Il s’ensuit que, dans la mesure où elles sont pertinentes pour la présente procédure, les preuves soumises, telles que décrites ci-dessus, montrent effectivement que l’opposant a vendu un total de 5 albums photo Lanpn à des clients dans 4 villes allemandes différentes au cours de la période d’avril à juin 2023. Les preuves montrent également que l’opposant a fait de la publicité pour différents albums photo sous la marque Lanpn en ligne sur Amazon Allemagne (www.amazon.de) et que certains de ces produits ont quelques avis de clients allemands, formulés avant la date pertinente. Toutefois, comme indiqué dans le résumé des preuves soumises, les documents montrent également que de nombreux avis de clients proviennent de pays autres que l’Allemagne. Par conséquent, le nombre total d’avis et de notes de clients pour les produits en question ne peut être pris en compte pour tirer des conclusions particulières quant à l’étendue de l’usage, ou à la notoriété auprès des clients, de ces produits par le public pertinent en Allemagne.
Selon la jurisprudence, la signification d’un signe utilisé pour identifier des activités commerciales spécifiques doit être établie en relation avec la fonction d’identification de ce signe.
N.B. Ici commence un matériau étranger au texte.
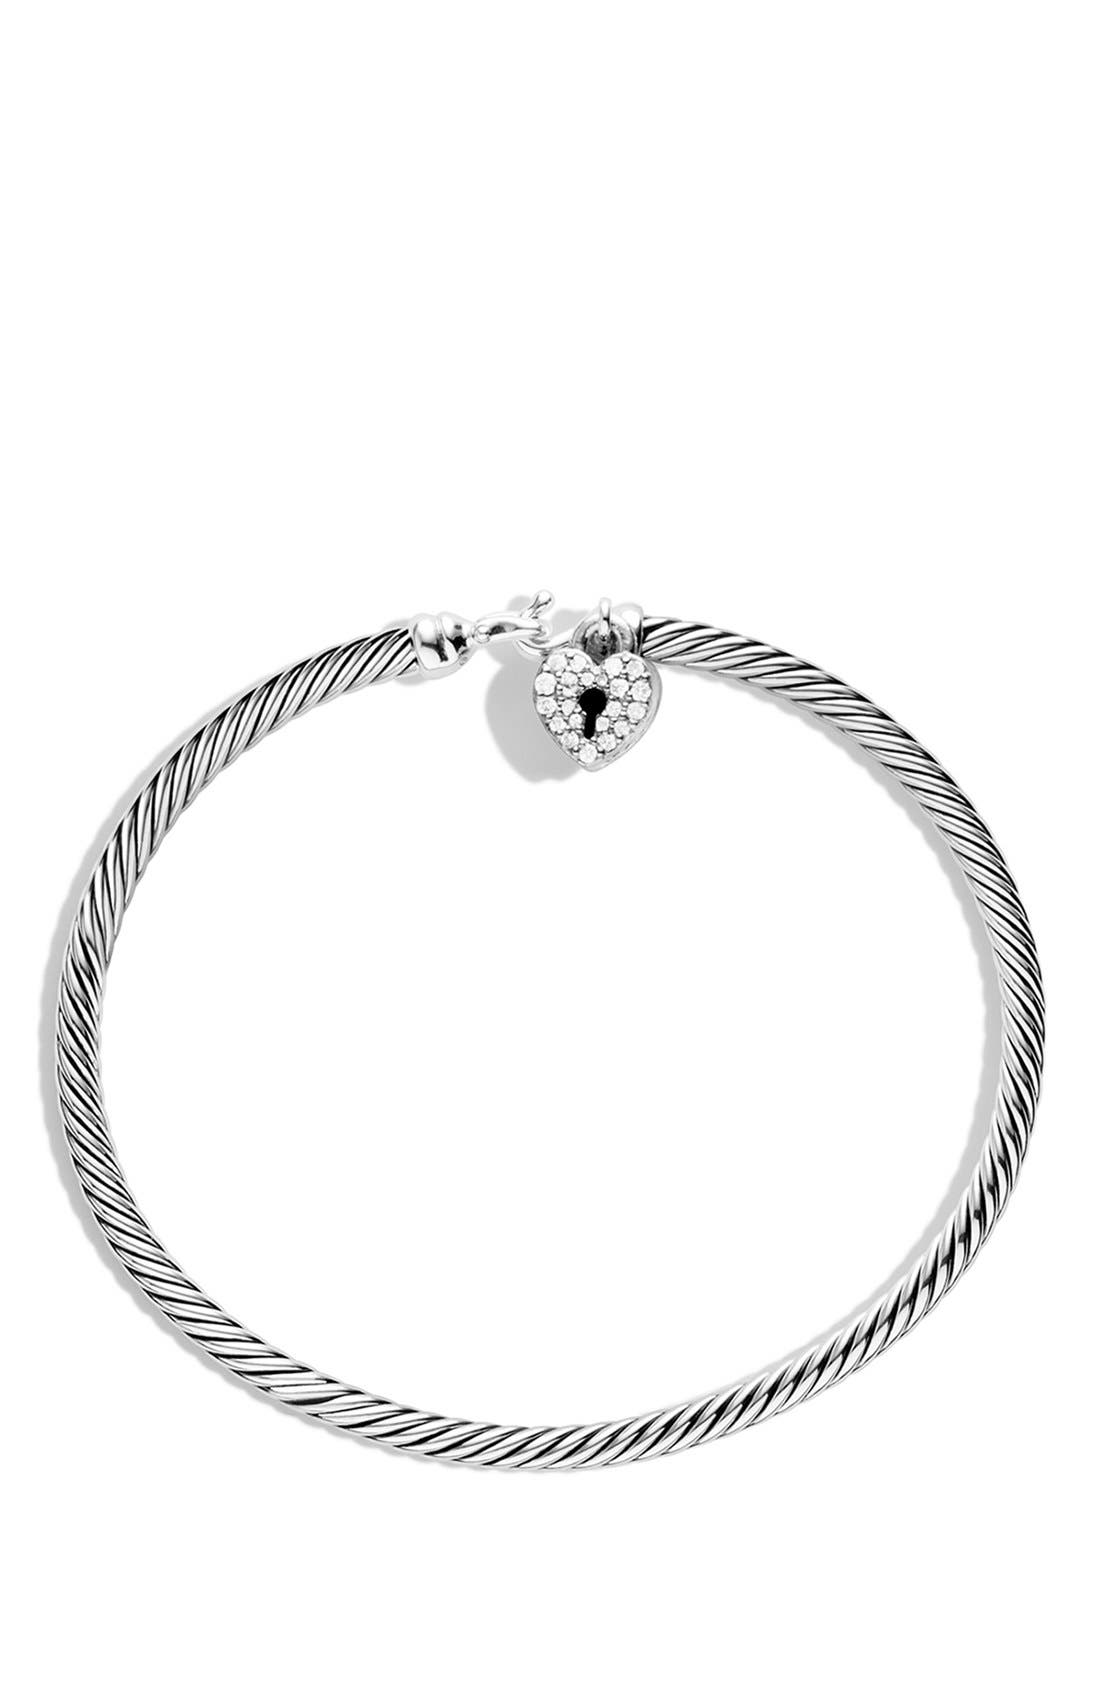 'Cable Collectibles' Heart Lock Bracelet with Diamonds,                             Alternate thumbnail 2, color,                             Diamond
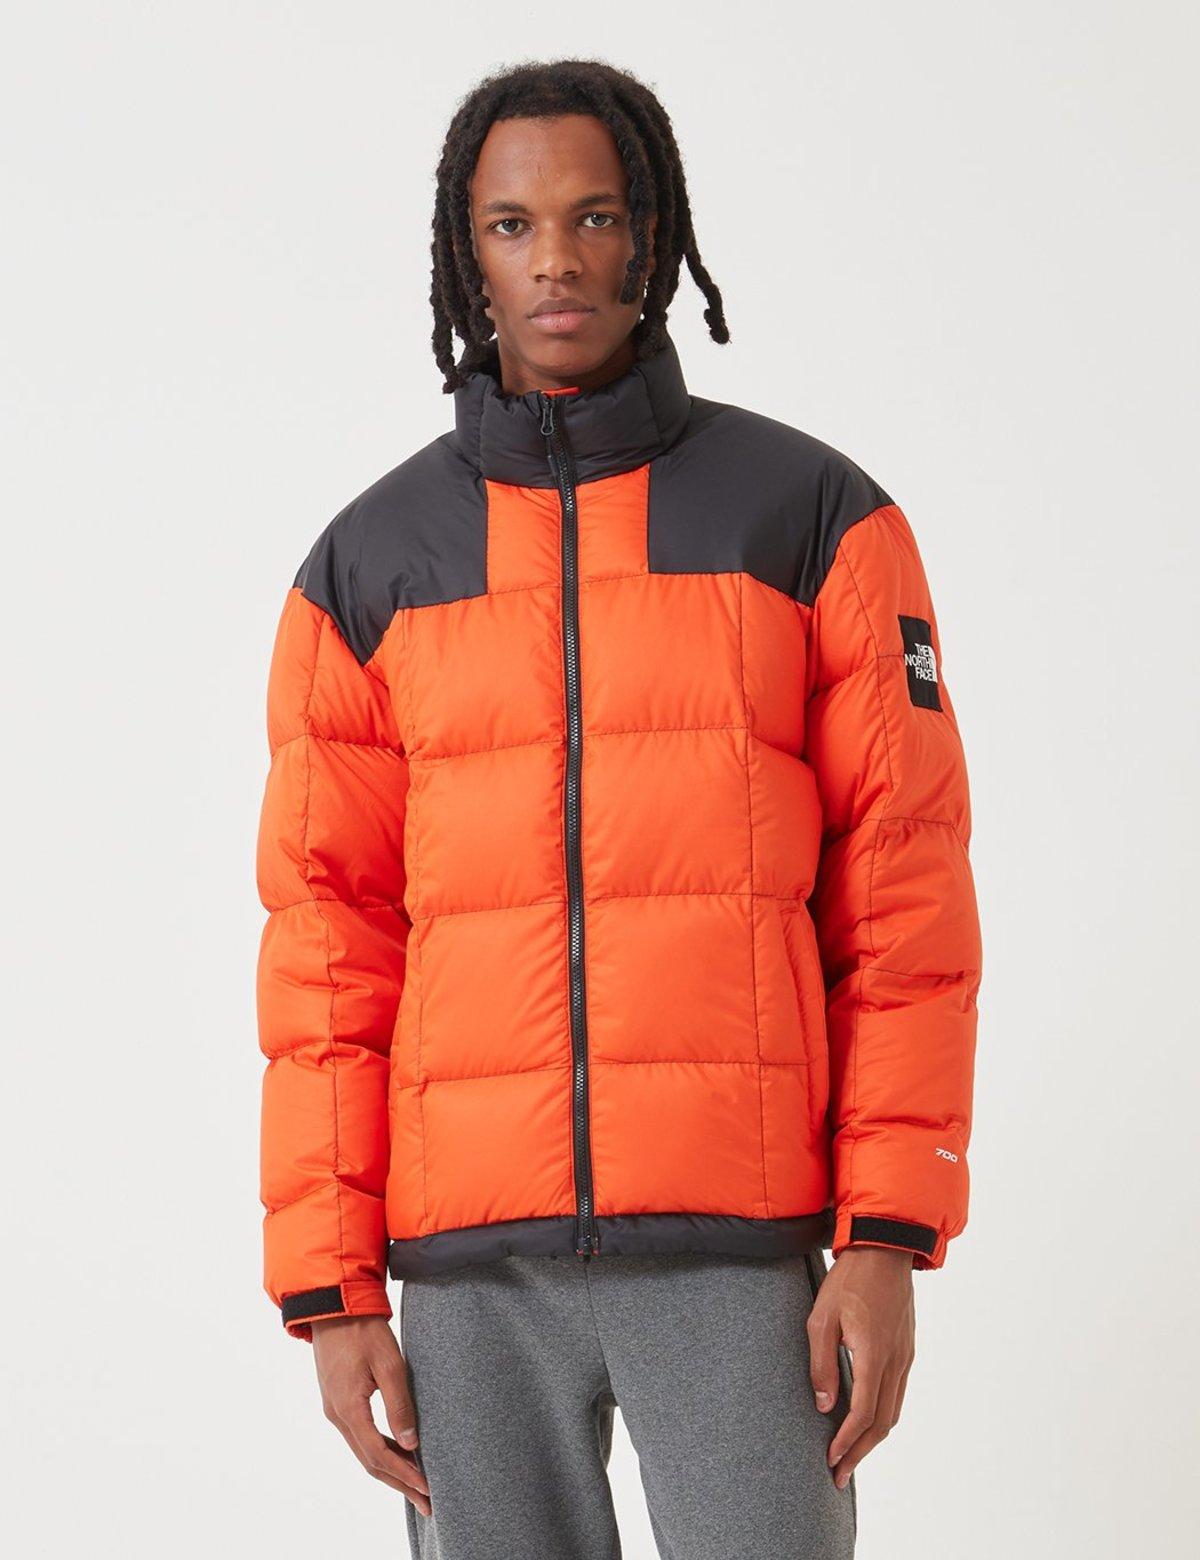 The North Face Black Label Lhotse Down Jacket Tangerine Tango

Cette considération signifie qu’il doit être tenu compte, premièrement, de la dimension géographique de la signification du signe, c’est-à-dire du territoire sur lequel il est utilisé pour identifier l’activité économique de son titulaire, ainsi qu’il ressort d’une interprétation textuelle de l’article 8, paragraphe 4, du RMUE. Il doit être tenu compte, deuxièmement, de la dimension économique de la signification du signe, qui est appréciée à la lumière de la durée pendant laquelle il a rempli sa fonction dans le commerce et du degré d’utilisation dont il a fait l’objet, du groupe de destinataires auprès duquel le signe en question est devenu connu comme un élément distinctif, à savoir les consommateurs, les concurrents ou même les fournisseurs, ou encore de l’exposition donnée au signe, par exemple, par la publicité ou sur l’internet (24/03/2009, T-318/06 – T-321/06, General Optica, EU:T:2009:77, points 36-37, et 30/09/2010, T-534/08, Granuflex, EU:T:2010:417, point 19).
En outre, ainsi qu’il a été précédemment exposé, un droit d’opposition de ce type doit être réservé aux signes qui ont effectivement une présence réelle sur leur marché pertinent. À cet égard, ainsi qu’il a également été précédemment expliqué, la Cour de justice a jugé que le signe invoqué en vertu de l’article 8, paragraphe 4, du RMUE doit être utilisé de manière suffisamment significative dans le commerce et, lorsque le territoire dans lequel ce signe est protégé peut être considéré comme autre que local, que le signe doit être utilisé dans une partie substantielle de ce territoire (29/03/2011, C-96/09 P, Bud, EU:C:2011:189, points 157-159).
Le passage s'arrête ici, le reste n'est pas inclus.